Smith, a 56-year-old Englishman, is returning to a post he first had in the 1970s. At a meeting of the general committee of the Football Association of Wales in Caersws, he was given a contract 'for at least the next two years'.
The executive wanted to make a quick appointment to put behind them the fiasco of Toshack's 48-day reign. That they have turned to Smith, a former schoolteacher, who was chosen by Toshack to be his assistant, is a further blow to Terry Yorath. The manager who led Wales in their ultimately vain qualifying campaign for this year's World Cup finals had hoped to reclaim his throne, and was willing to abandon a claim for unfair dismissal against the FAW to get it.
'It was unfortunate that John Toshack decided to resign, but life must go on,' John Evans, the chairman of the FAW senior international committee, said. 'Welsh football in particular must go on, and we are looking to Mike to maintain our progress. Terry Yorath does not figure in our immediate plans.'
Smith, genial and good-humoured, has a difficult task to stabilise a squad which has been disturbed and unsettled by recent events. That was all too evident in a tame display resulting in a 3-1 defeat by Norway last week, Toshack's one and only game at the helm.
'I thought they were going to put me in charge as caretaker for one game, but they said that was no good to them,' Smith said. 'These offers don't come along very often so you have to take them.' After his earlier five-year reign, which ended in 1979, Smith managed Hull City. He left them after two years and later took charge of the Egyptian national side between 1985 and 1988.

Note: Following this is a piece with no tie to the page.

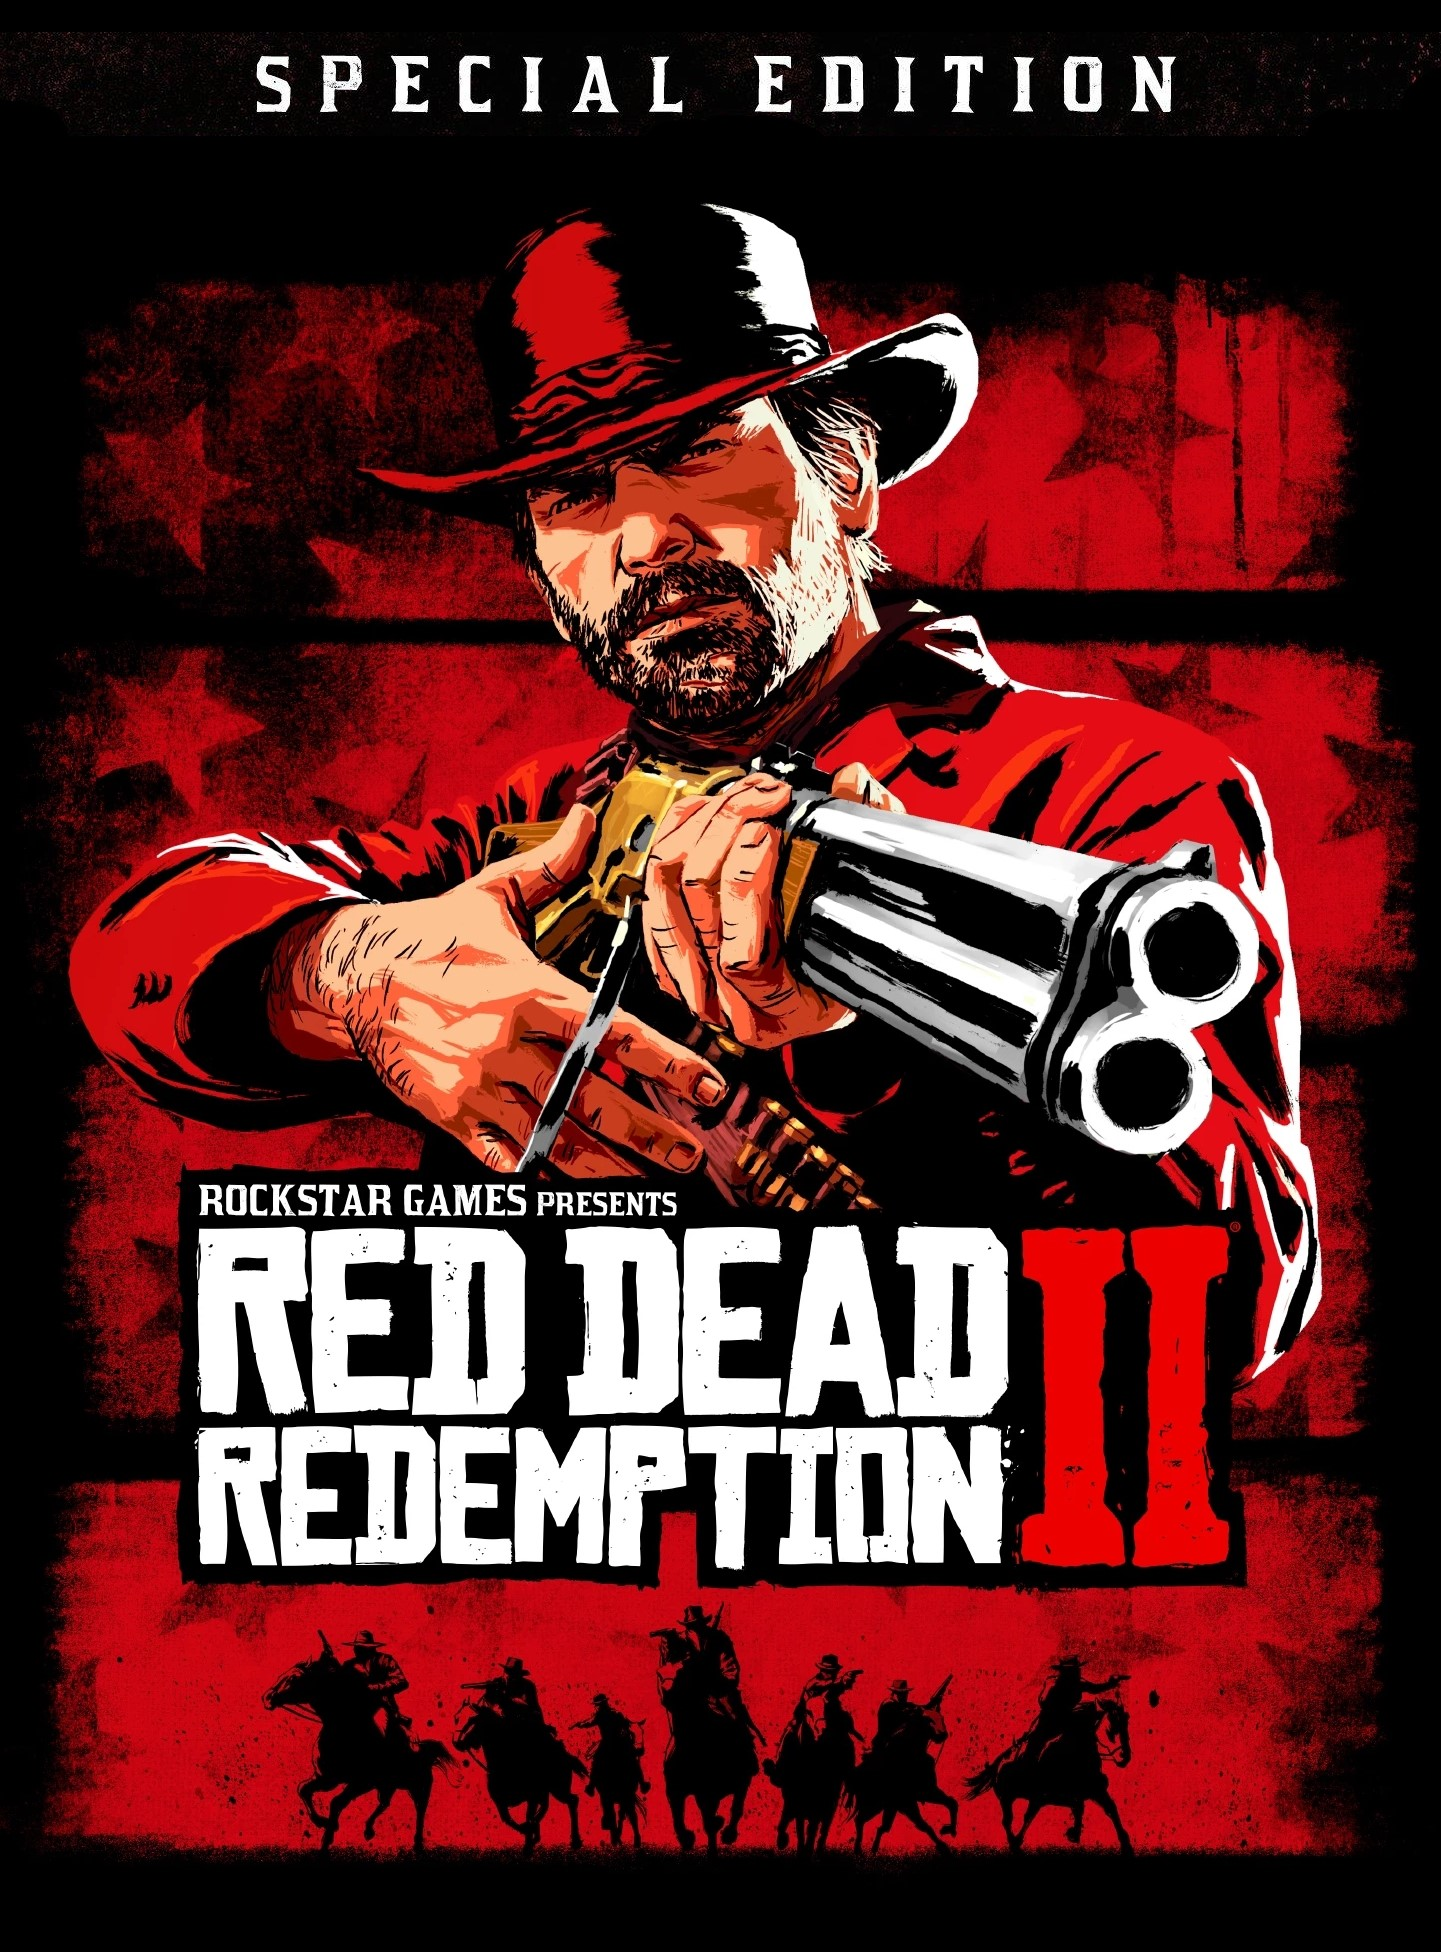 Red Dead Redemption 2: Special Edition (Steam Россия)🔥
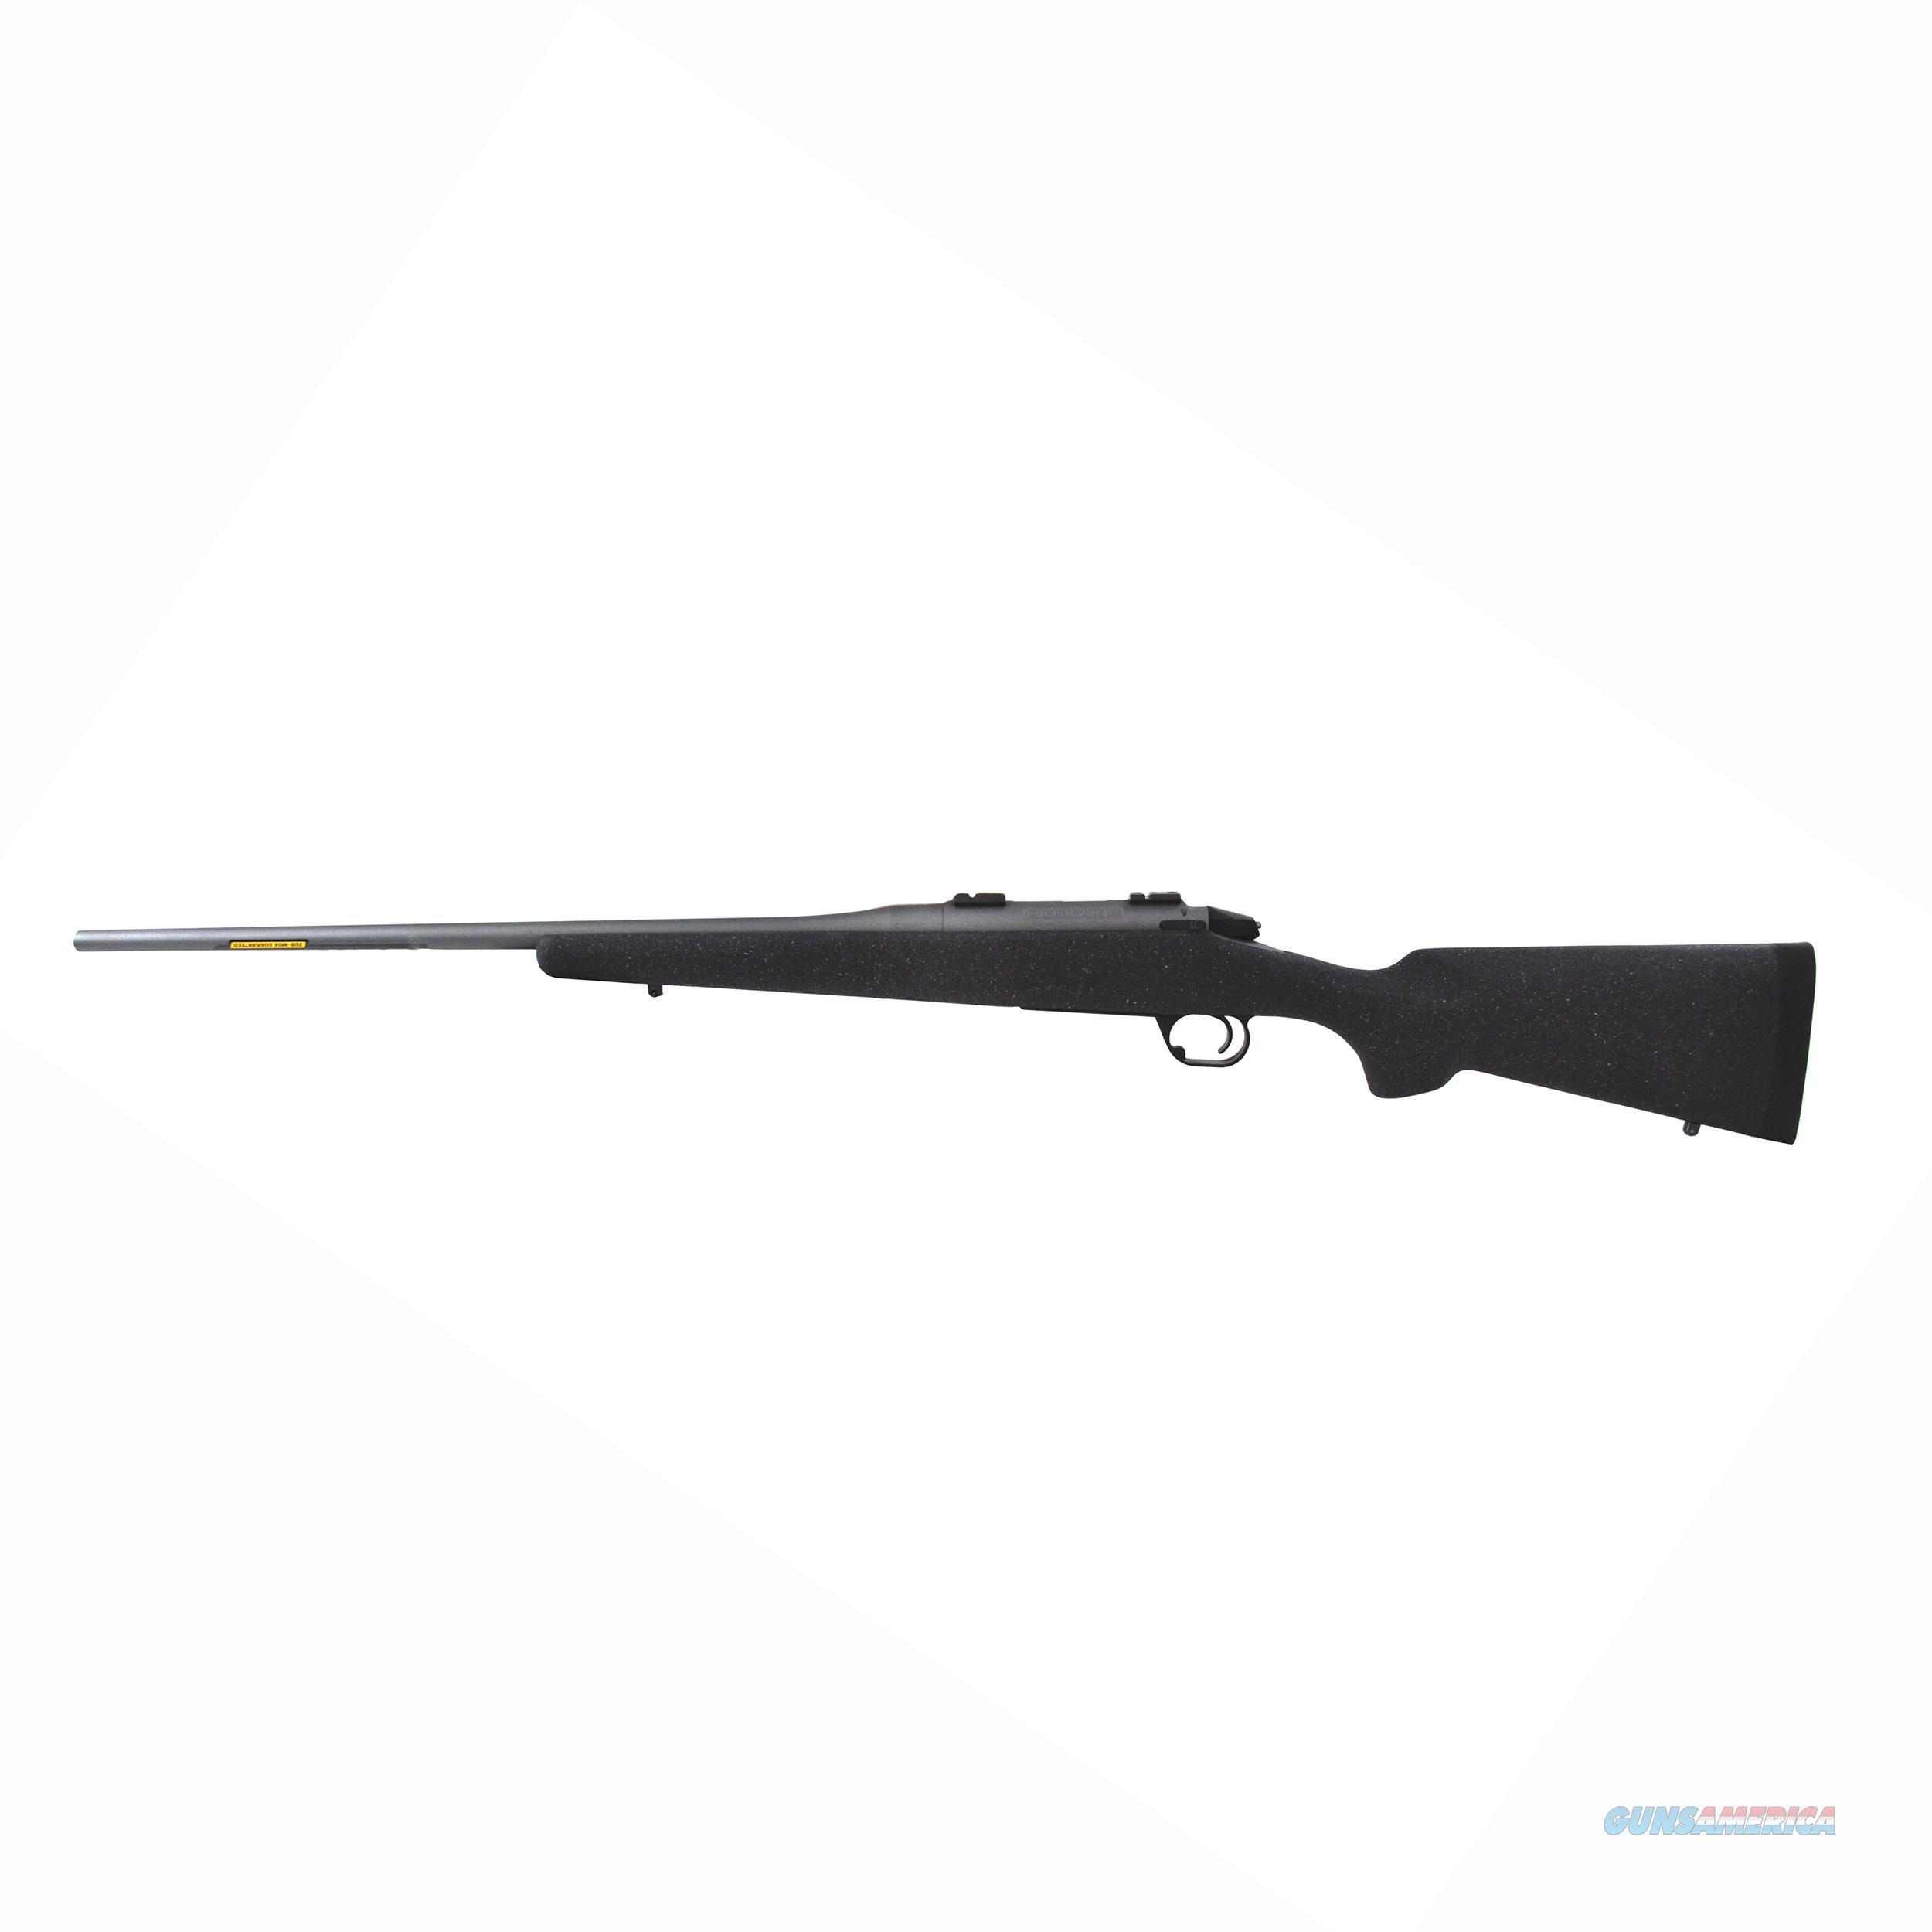 "Bergara Rifles Mountainrifle 6.5Mm Creedmoor, 22"" Barrel, Carbon Fiber Stock BPR18-65F  Guns > Rifles > B Misc Rifles"

To criticism that it is a backward step and that he has been too long away from the game, Smith countered: 'I have been in charge of 207 internationals, 100 of them at senior level, and if I did not think I could do the job I would not have taken it.'
Brian Flynn, the manager of Wrexham, will take charge of the Under-21 team. Smith hopes to name assistant managers at both levels as soon as possible.